How to find the sine of the outer corner?
Sine angles need to be calculated notonly in a right triangle, but in any other. To do this, it is necessary to draw the height of the triangle (perpendicular to one of the sides, lowered from the opposite corner) and solve the problem as for a right-angled triangle, using as one of the legs the height.
How to find the sine of the outer corner of a triangle
First you need to understand what an outer corner is. We have an arbitrary triangle ABC. If one of the sides, for example, AC, continues beyond the BAC angle and draws an AO beam, then the new OAB angle will be external. Here we will look for his sine.
To solve the problem, we need to drop the perpendicular BH to the side of the AU from the angle ABC. This is the height of the triangle. The course of the solution of the problem will depend on what we know.

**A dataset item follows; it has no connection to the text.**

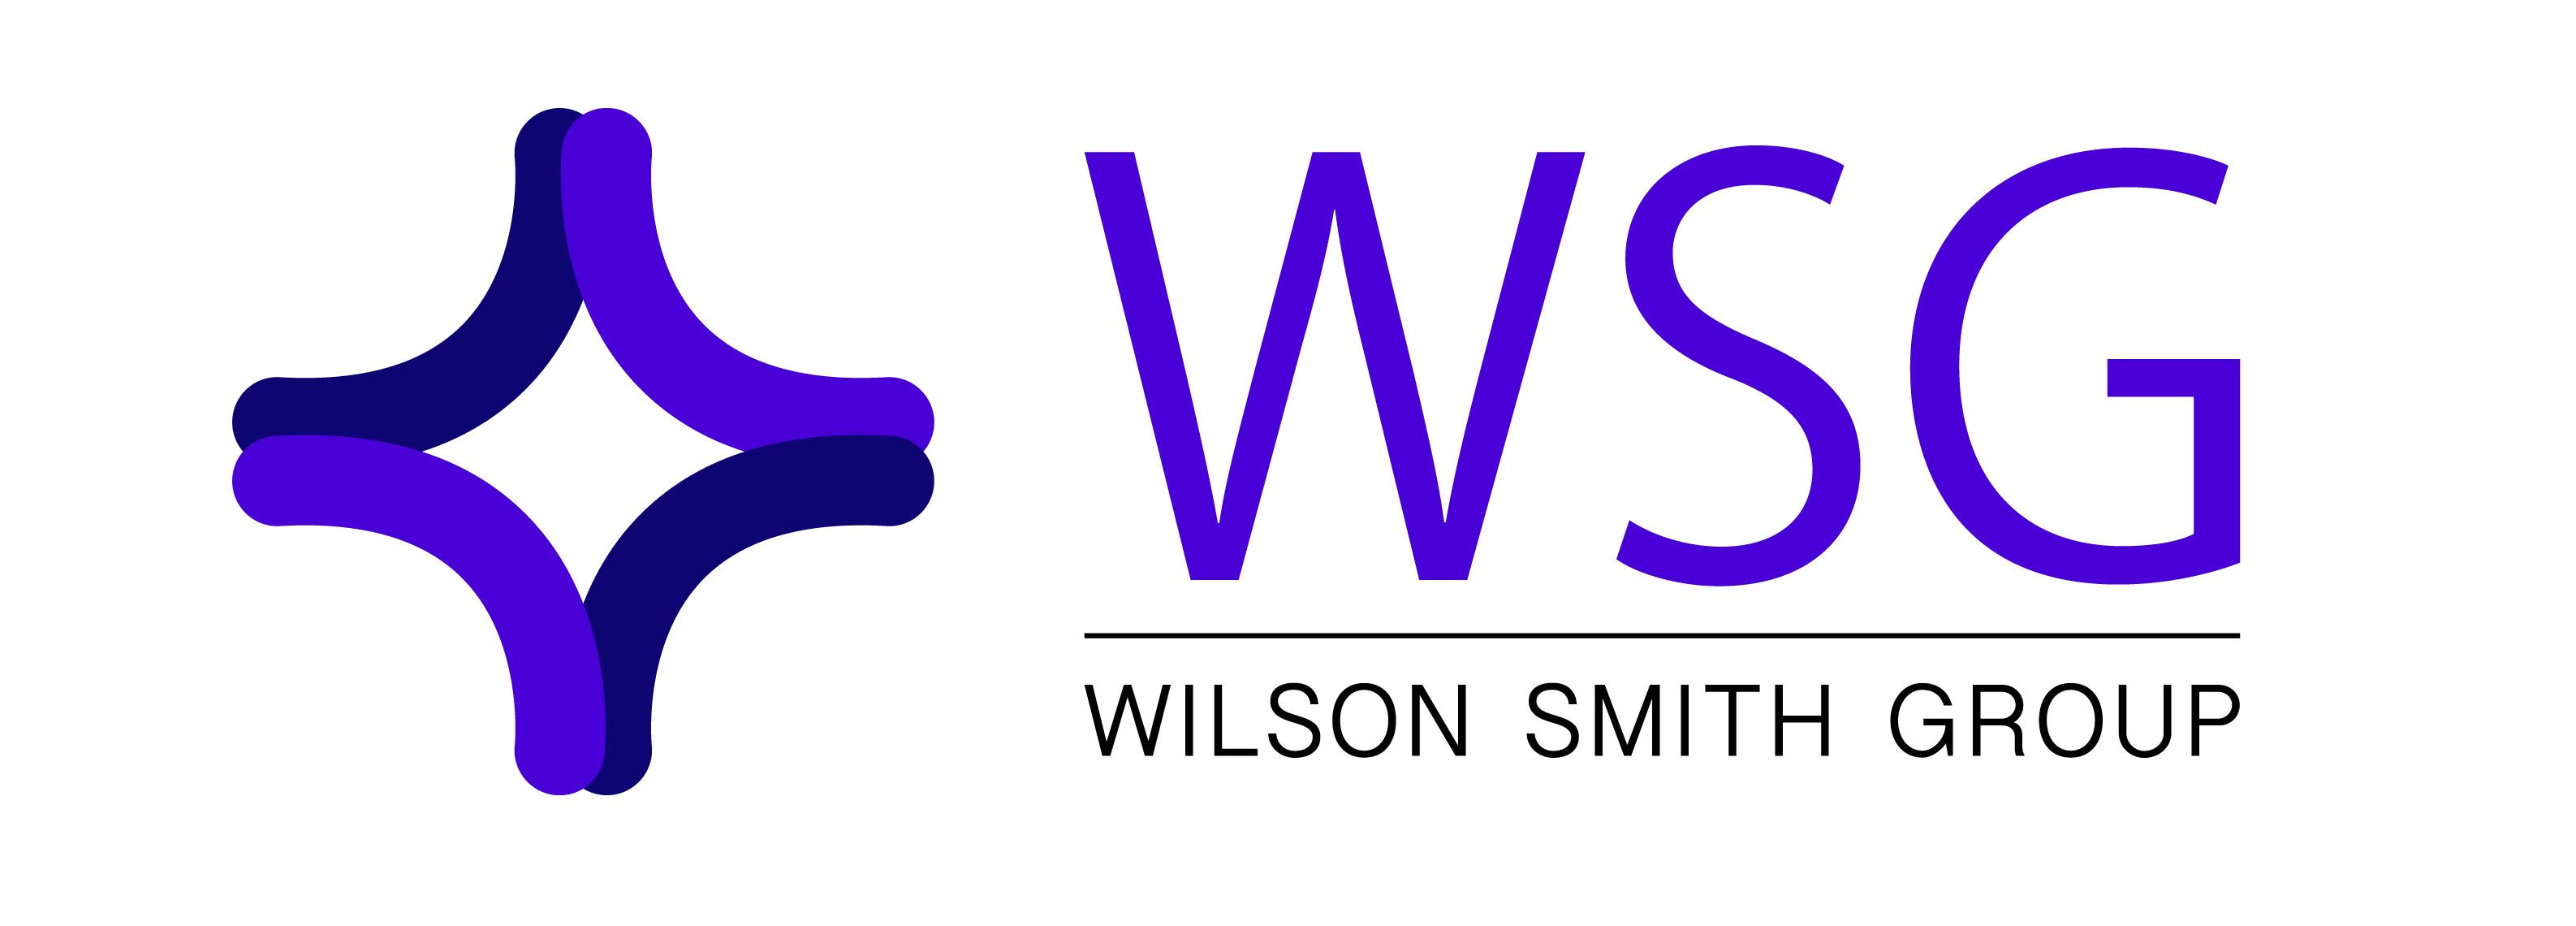 wilson smith group logo

The simplest option is if you know the angle of YOU. Then the problem is solved extremely easily. Since the ray OC is a straight line, the angle OAC = 180 °. Hence, the angle OAB and BAC are adjacent, and the sines of adjacent angles are equal in magnitude.
Let us consider another problem: in an arbitrary triangle ABC, the side is known: AB = a and the height BH = h. It is necessary to find the sine of the OAS angle. Since we now have a rectangular triangle ABN, the sine of the angle ABN will be equal to the ratio of the HH leg to the hypotenuse AB:
- sinBAH = BH / AB = h / a.
This is also easy. A more complicated problem, if the height h is known and the sides AC = c, BC = b, it is necessary to find the sine of the angle OAB.

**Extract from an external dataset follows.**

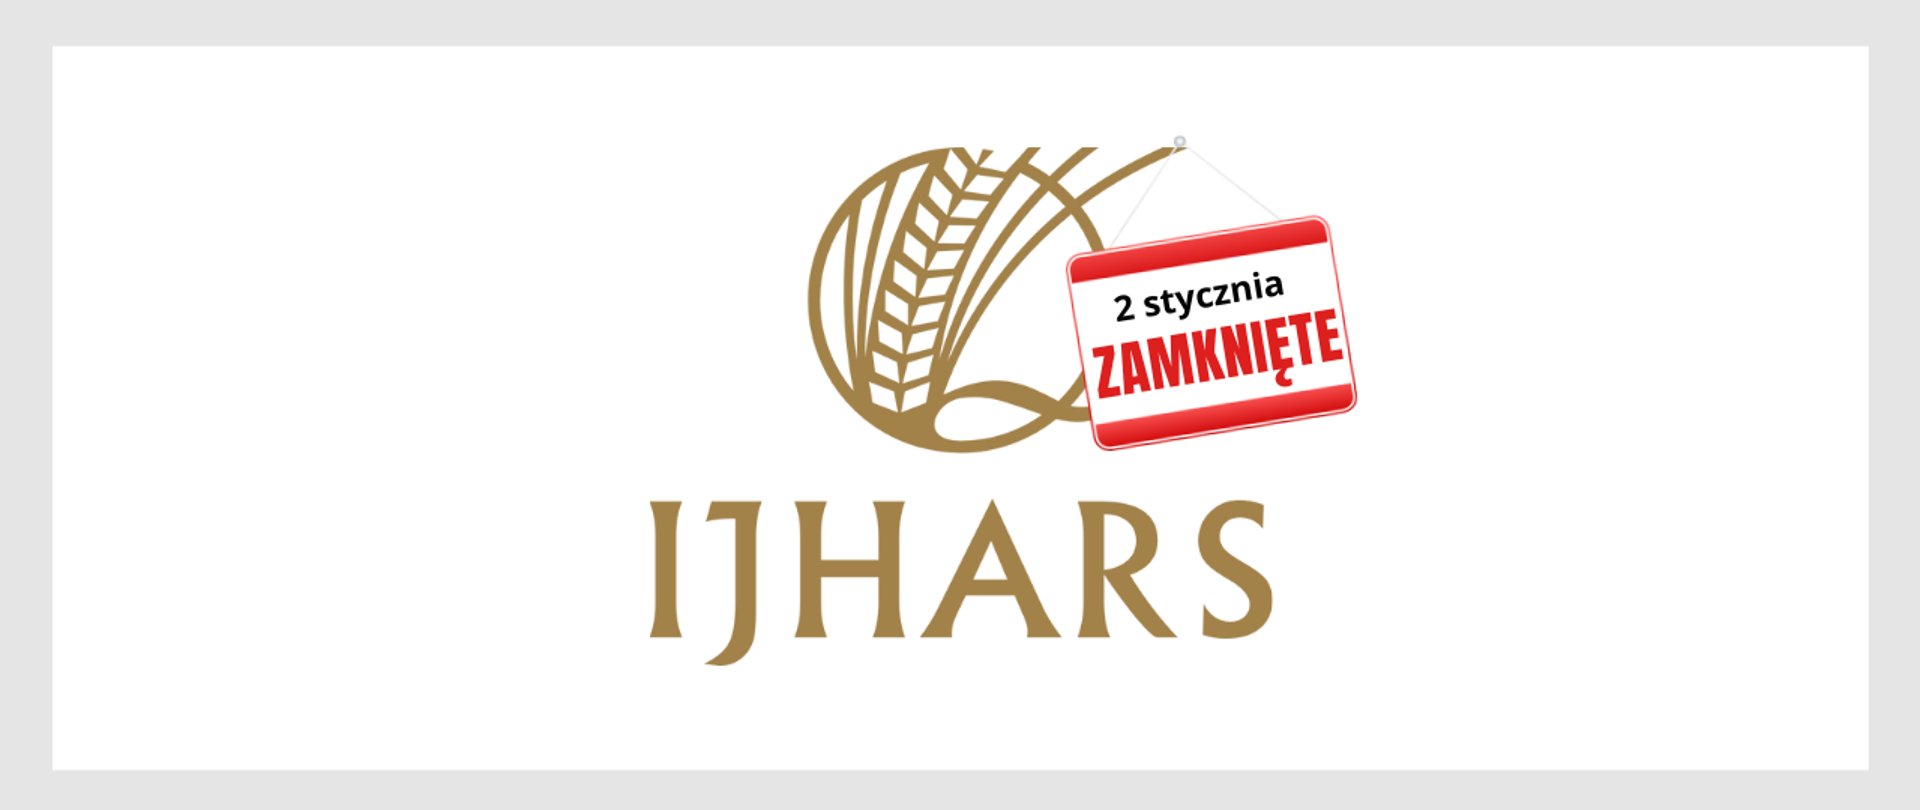 Logo IJHARS. Tabliczka z napisem: "2 stycznia zamknięte" zawieszona na logo.

By the Pythagorean theorem, we find the catheter of the CH of the triangle VSN:
- BC² = BH² + CH² b² = h² + CH ²,
- CH² = b² - h², CH = √ (b² - h²).
From here you can find a segment of the AS side of the AC:
- AH = AC - CH = c - √ (b² - h²).
Now we again use the Pythagorean theorem to find the third side of the AV triangle ABN:
- AB² = BH² + AH² = h² + (c - √ (b² - h²)) ².
The sine of the BAC angle is equal to the ratio of the height of the HV of the triangle to the side AB:
- sinBAC = BH / AH = h / (c - √ (b² - h²)).
Since the angles OAB and BAC are adjacent, their sines are equal in magnitude.
Thus, combining the Pythagorean theorem, the definitionsine and some other theorems (in particular, on adjacent angles), it is possible to solve almost the majority of problems on triangles, including finding the sine of the external angle. Sometimes additional constructions may be necessary: to draw a height from the desired angle, to continue the side of the angle beyond its limits, and so on.